What needs to be done
Word for word, restate the lines of the listing below from the line with "Браслет Solowear, 4620-2" through the line with "Grand Arts intern", and do not include the pictures.

Data
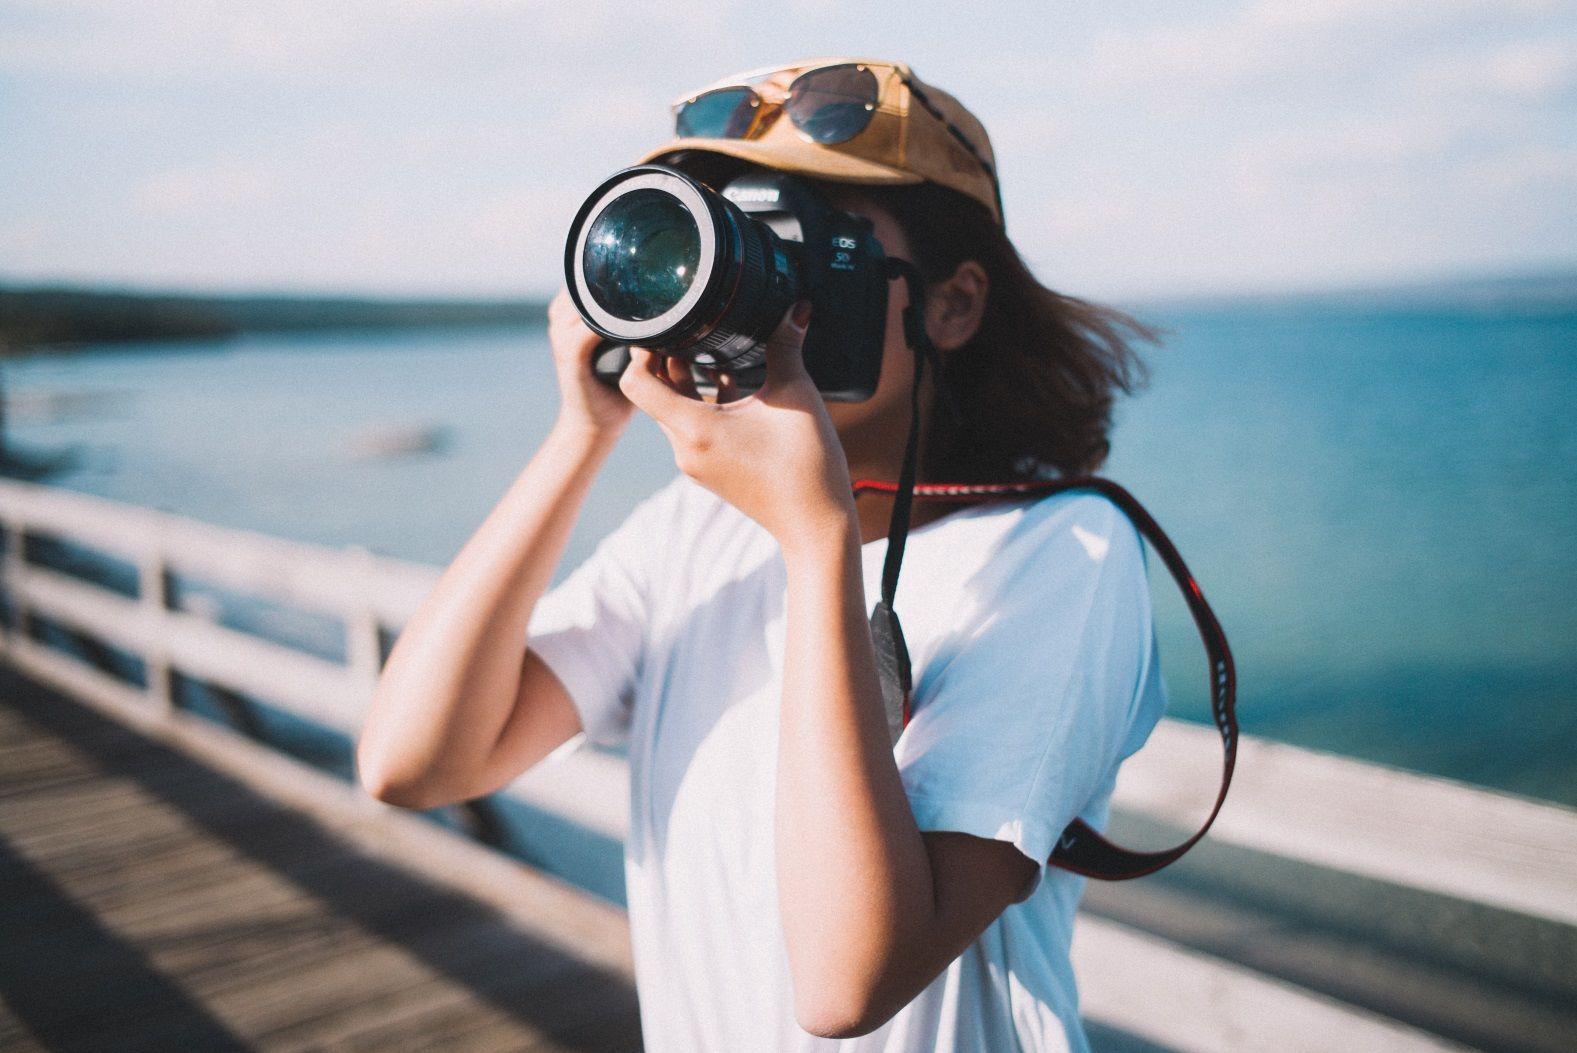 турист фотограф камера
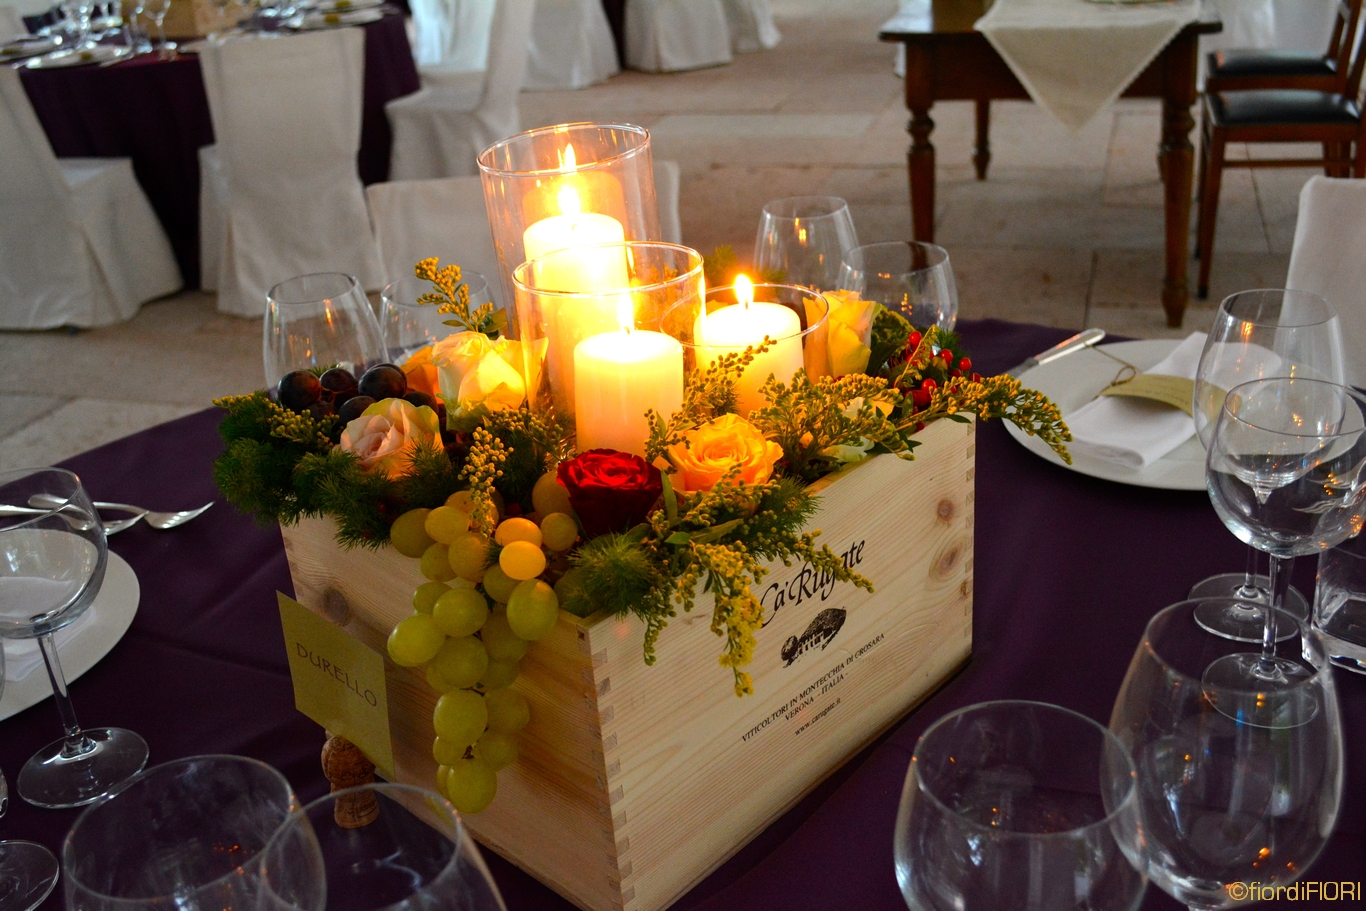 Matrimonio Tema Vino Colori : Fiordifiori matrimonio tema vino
--
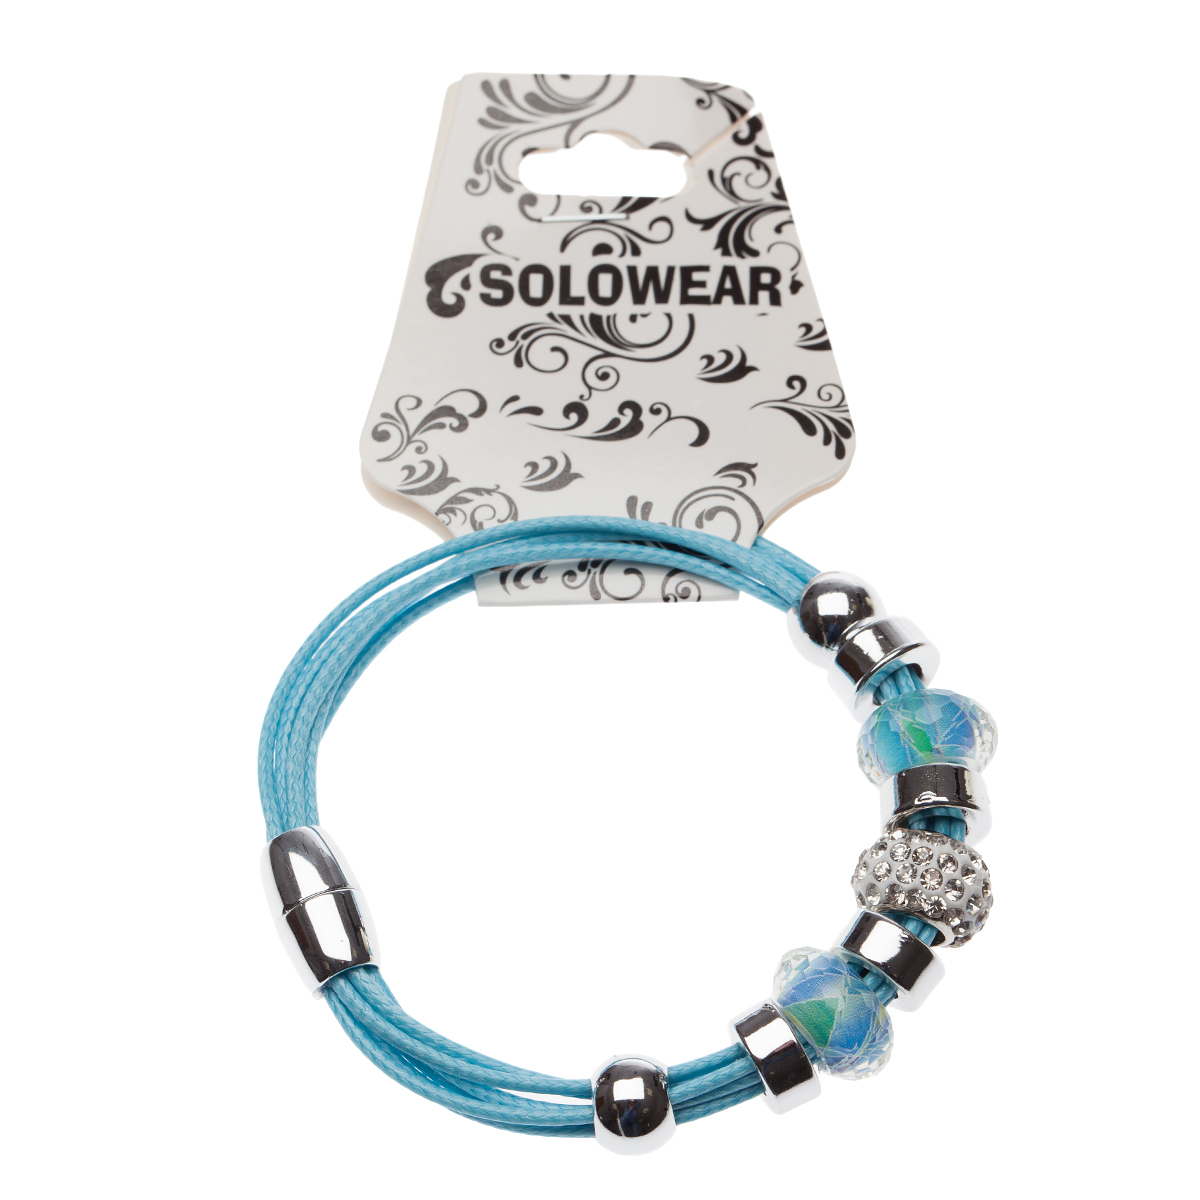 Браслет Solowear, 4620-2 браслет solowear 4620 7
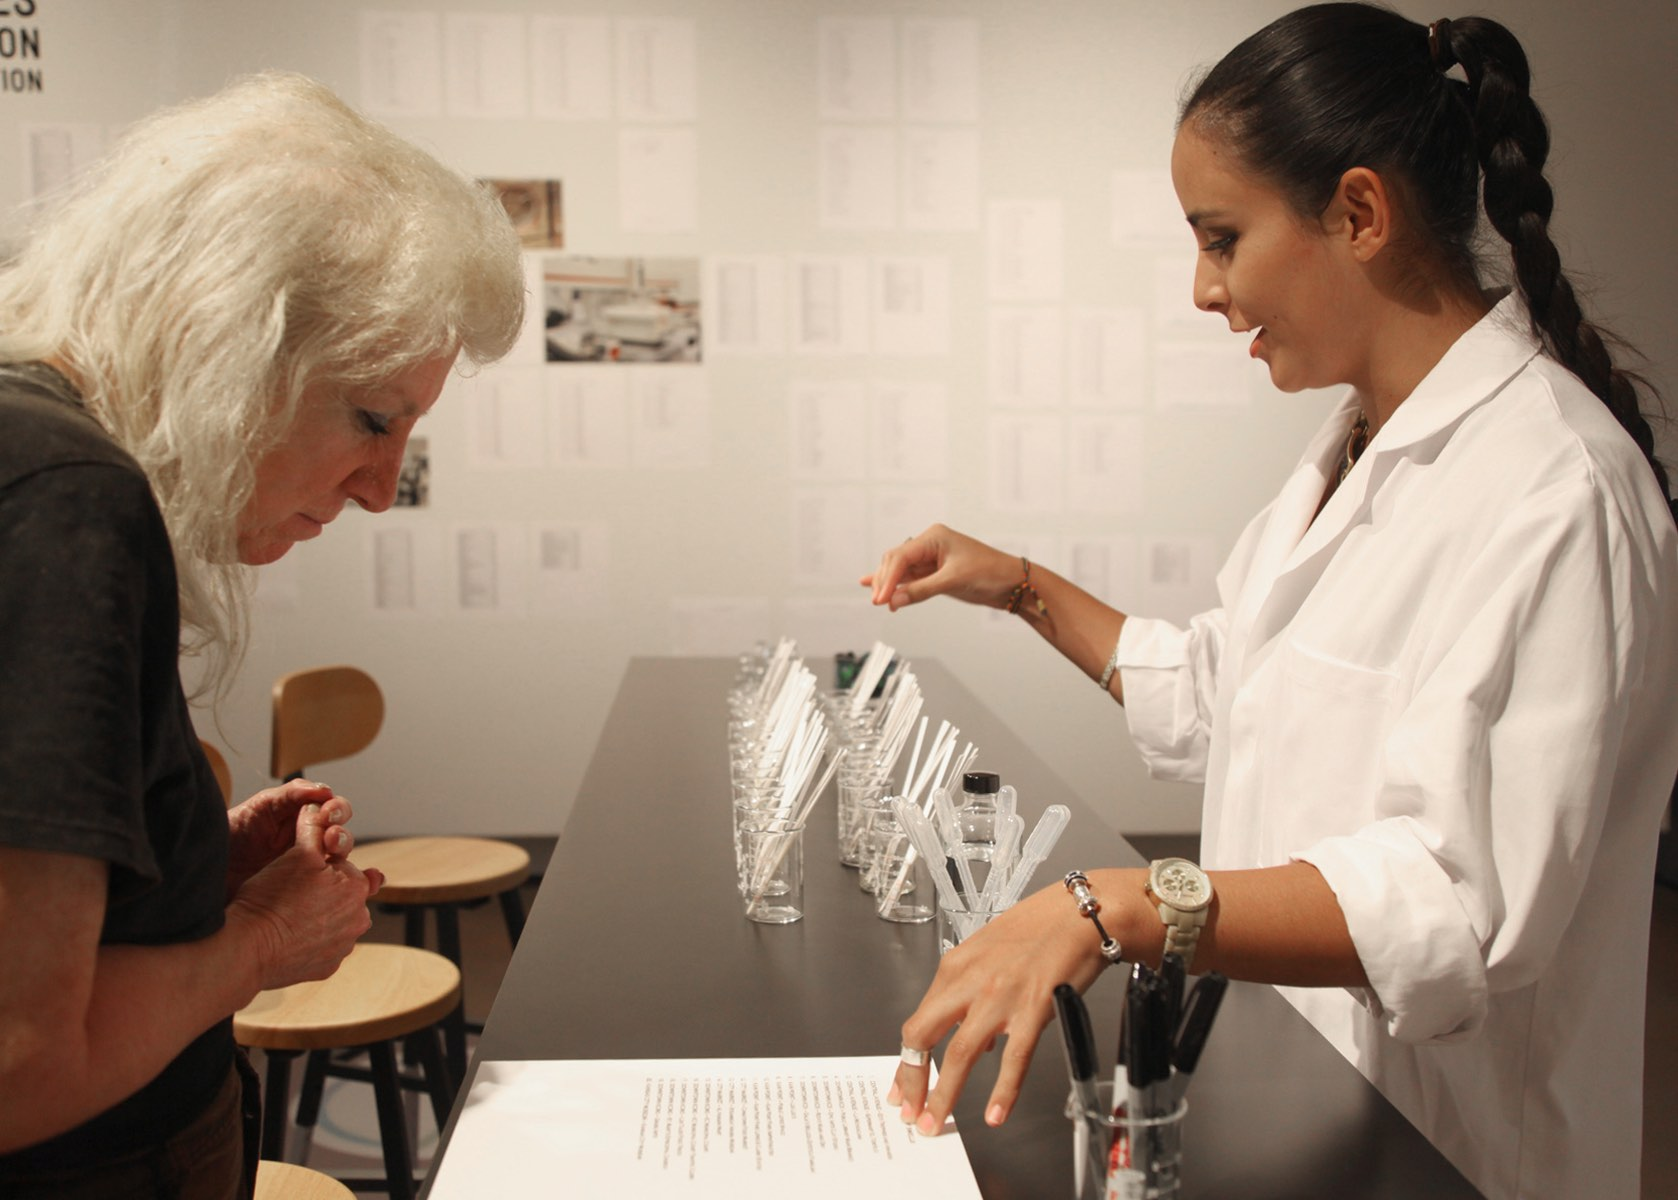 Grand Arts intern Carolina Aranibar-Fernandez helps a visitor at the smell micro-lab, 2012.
...
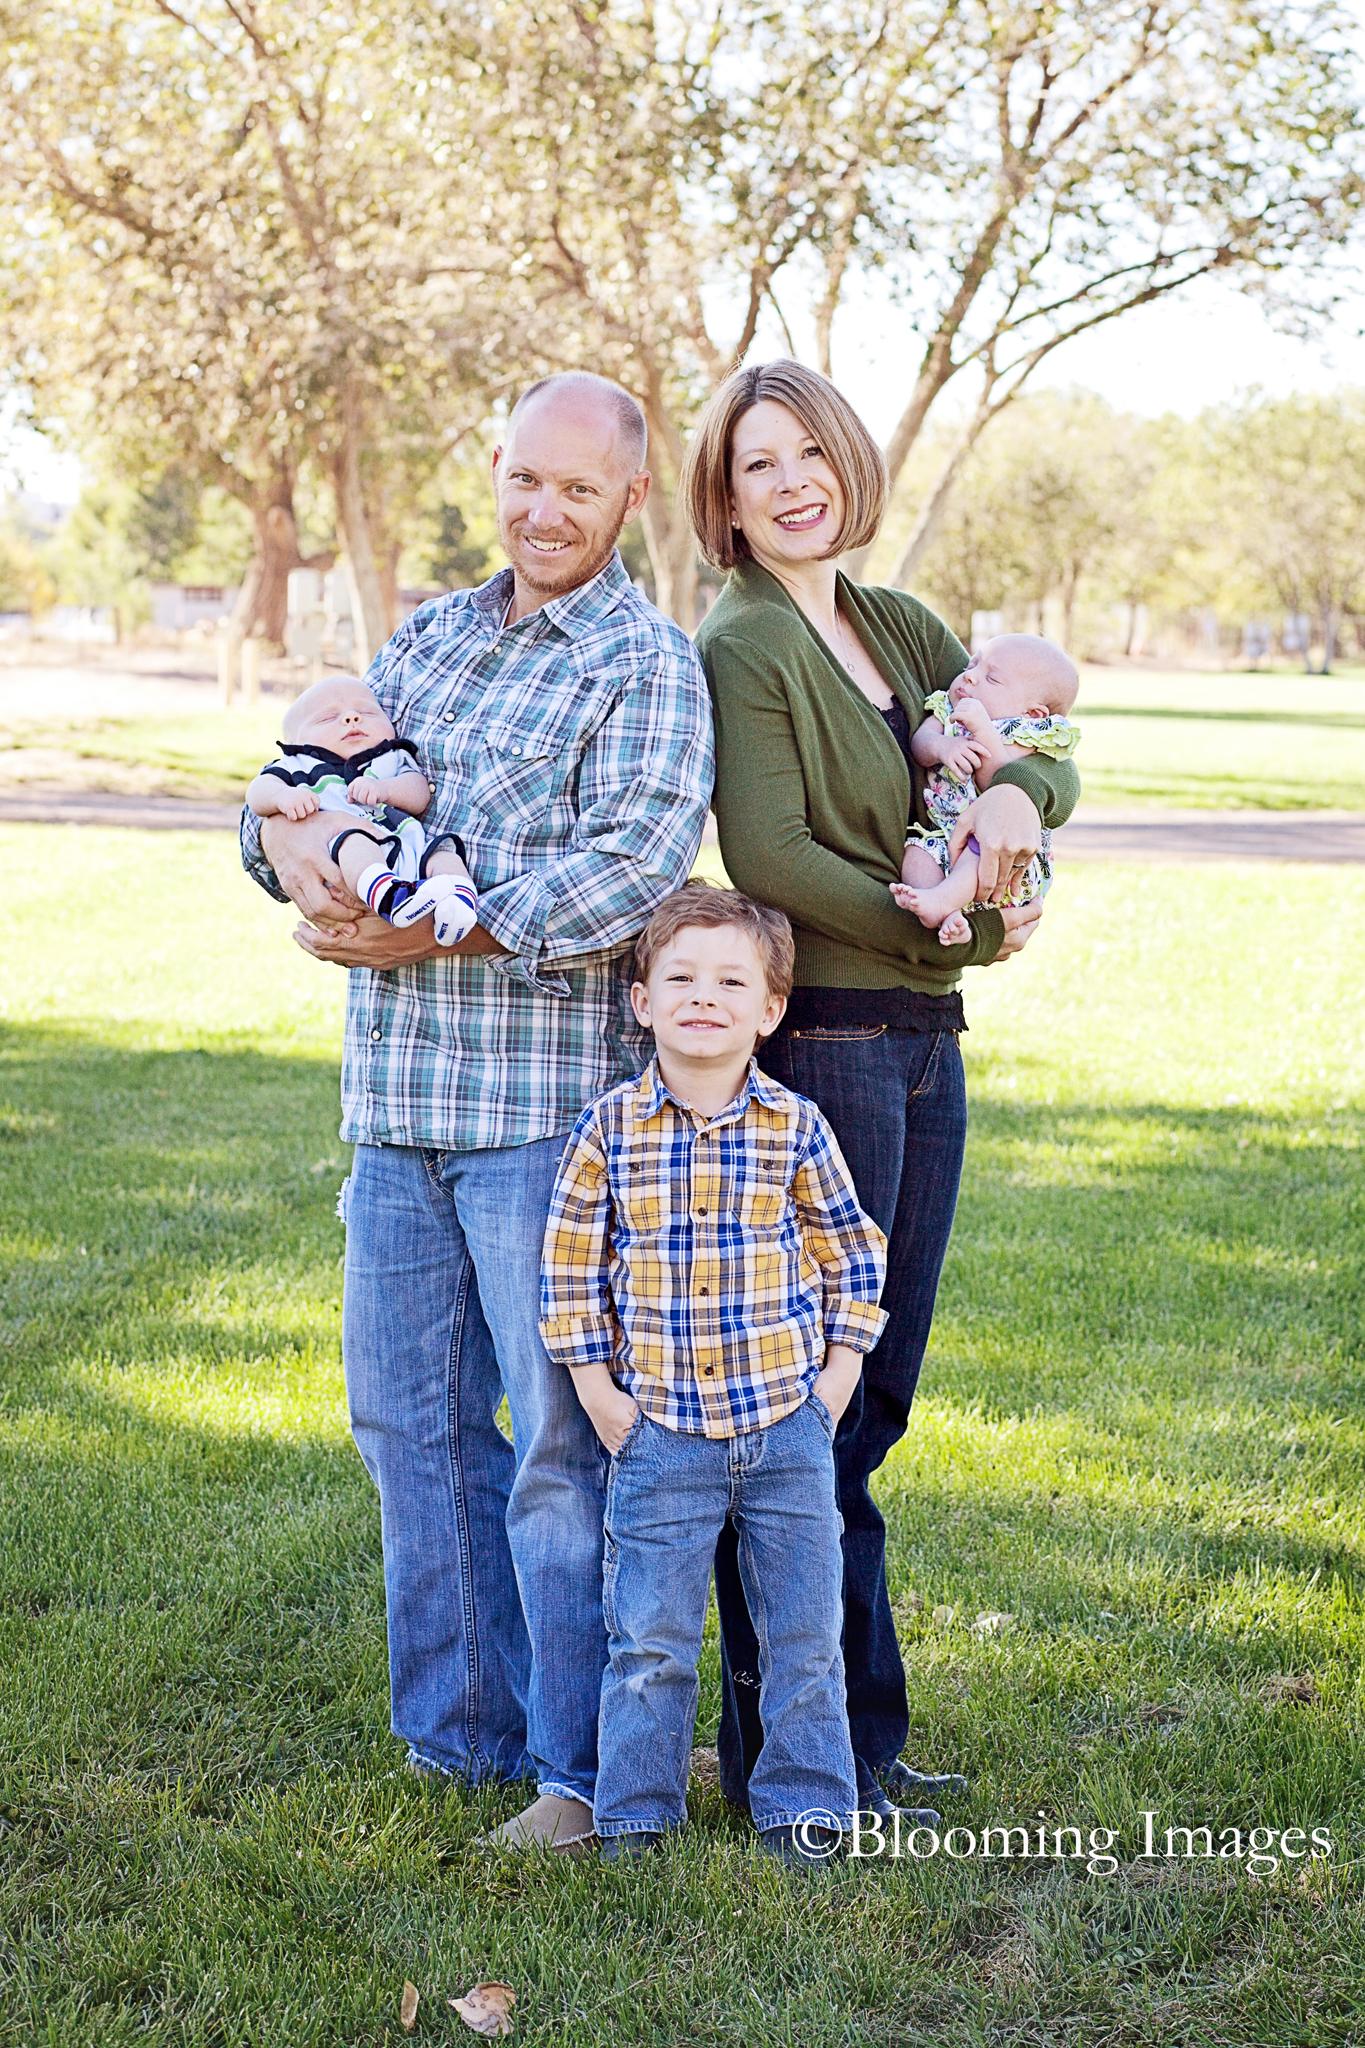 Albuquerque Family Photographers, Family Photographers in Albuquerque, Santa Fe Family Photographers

Written solution
 Браслет Solowear, 4620-2 браслет solowear 4620 7
 Grand Arts intern Carolina Aranibar-Fernandez helps a visitor at the smell micro-lab, 2012.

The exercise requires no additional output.